To address the challenge, Solla partnered with Metalandes S.A.S. and installed the MES Interface IT e-F@ctory module for data management from Mitsubishi Electric Automation.
Solla produces hundreds of varieties of animal feed products for farmers and distributors, specializing in foods for household pets, horses, livestock, broiler chickens, pigs and cattle. The company has seven plants in Colombia with plans to expand into new areas such as Peru and Ecuador.
Raw materials are transported into silos for storage, after which sections of machinery are used to dose, grind and mix the material before it is palletized and packaged for distribution. Industrial automation equipment has always played a key role in successfully managing recipes, providing weight control, and handling conveyor distribution and safety.
Solla had already implemented various technologies from Mitsubishi Electric such as human machine interfaces, industrial control networks, and analog and digital control elements including Mitsubishi’s iQ Platform PLC. (The iQ system is capable of integrating, PLC, motion, CNC and robot control onto a single backplane.)
With the help of Metalandes, a system integration services company with clients throughout Medellín, Solla installed the new MES Interface IT module. This enabled bi-directional data communication between the plant floor and the SAP ERP system. Metalandes also installed additional software known as Admin Planta, which is used to manage information related to metering systems, grinding and bagging, says Jhonier Jiménez, Metalandes technical manager.
Production doubles
The new system for data management optimized production management at Solla.
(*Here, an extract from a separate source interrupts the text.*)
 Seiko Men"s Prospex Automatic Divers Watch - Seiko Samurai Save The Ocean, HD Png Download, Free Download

It helped increase Solla’s productivity from 12,000 tons of feed per month to 20,000 tons per month, almost doubling the production capacity. It also improved Solla’s internal operations by providing a 75 percent reduction in data entry time, and a 17 percent reduction in Work In Process (WIP).
The MES Interface IT is an industrial-hardened, rack-mounted module that resides in the iQ Platform automation system. It is running a program that allows the control environment to be event-driven, to poll for data at a particular time interval. At Solla, it looks for events to take place in the control system. Once that event takes place, action can be taken, such as logging a group of data to a particular database or to a table for IT to review and evaluate.
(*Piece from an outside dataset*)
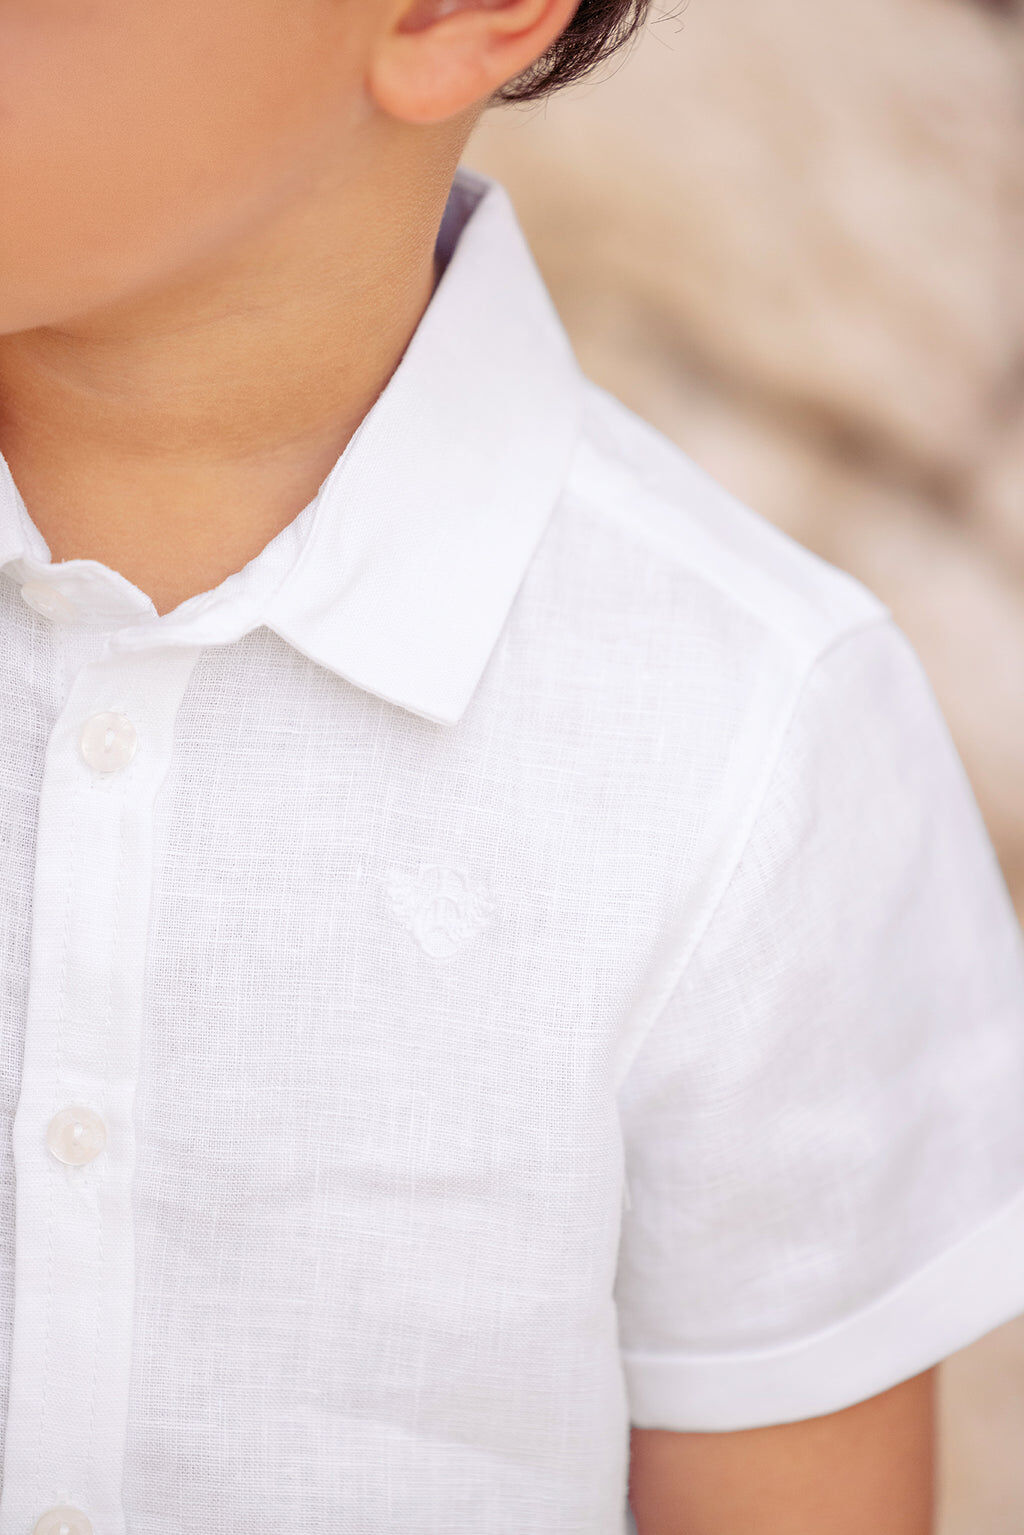 Shirt - White short sleeves

The module is monitoring either the local sequence CPU or remote CPUs for events. It can be a PLC register equaling some value, or it can be a bit being turned on or off, meaning that you’re at the end of a production run. It also can be a time-based event. The module can then aggregate a group of data, macro process it (perform mathematics and combine some standard deviations), then send that useful information up to a consuming application, typically a database.
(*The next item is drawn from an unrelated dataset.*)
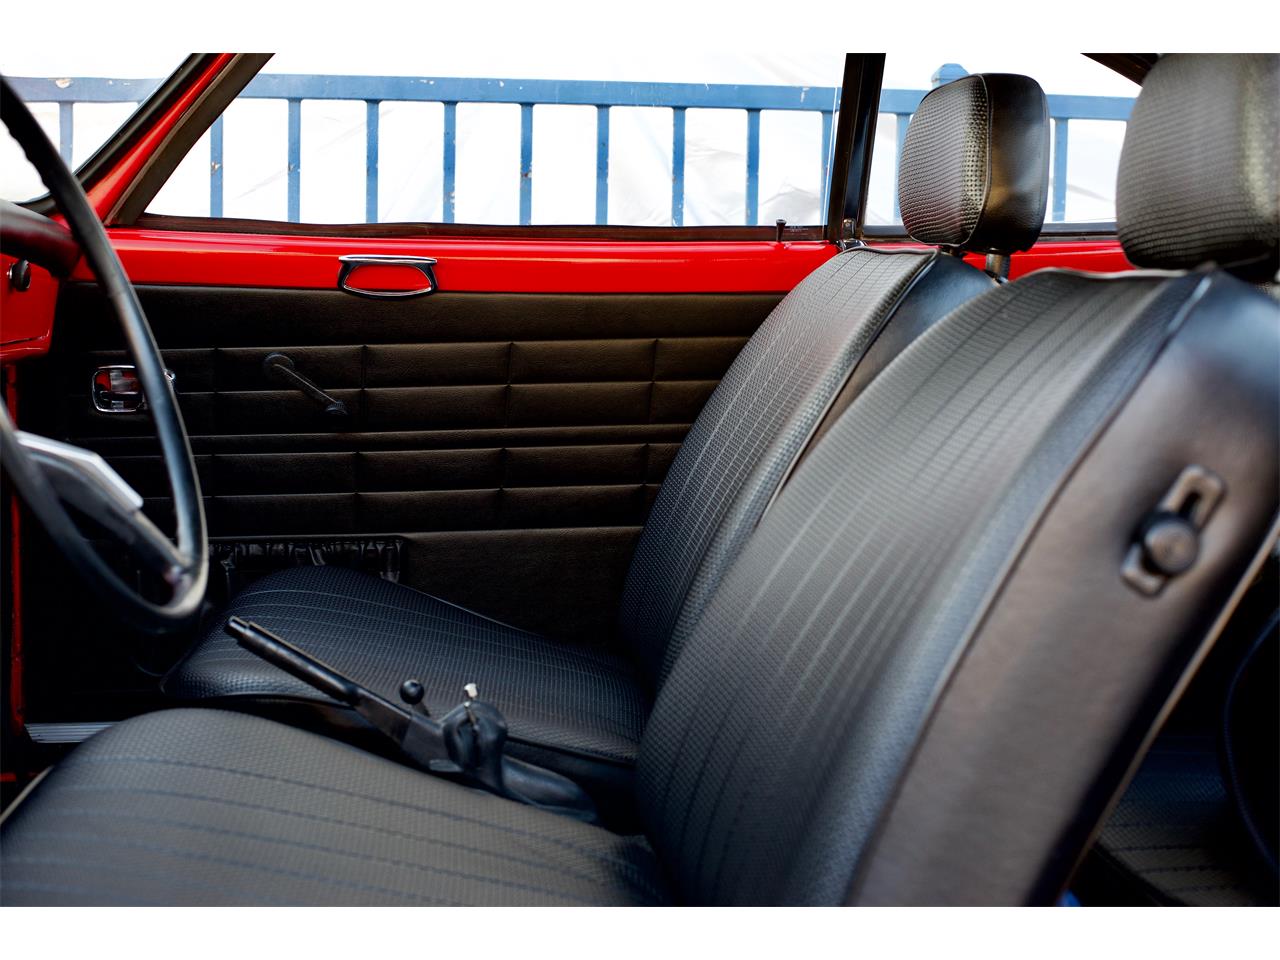 1969 Volkswagen Karmann Ghia For Sale Classiccars Com Cc

A second way it works is to listen for requests from the IT applications. So if someone wanted to push a production schedule down to the control environment, the module can be used in that capacity as well.
Without the module, companies like Solla would need a custom application with custom communications interfaces. Typically they would use OPC, or some SCADA application to do some database interfacing. OPC would then poll the control system for data on some specified interval, like every 100 ms, which would produce lots of un-useful data that might be confusing and overwhelming.
The MES interface IT module is designed to produce actionable data that does not require a lot of data manipulation on the IT side. It’s collecting very specific data designed for what application will be consuming it. As an example, it can just retrieve and present quality metrics to the quality database, present info to the production system on whether there were any production stoppages, and tell the inventory system only the raw materials consumption.
In addition to the production improvements mentioned, Solla’s new automation equipment has helped the company improve product quality, and enabled it provide its customers with product guarantees related to consistency and quality.
Hernán Toro Botero, the general manager of the Solla plant in Bello, Colombia, said Solla offers to pay the difference whenever customers are dissatisfied with their products. “Our results are the best,” he says. “We help our customers make a profit, and continue to focus on improving the automation of our plants through using innovative technology.”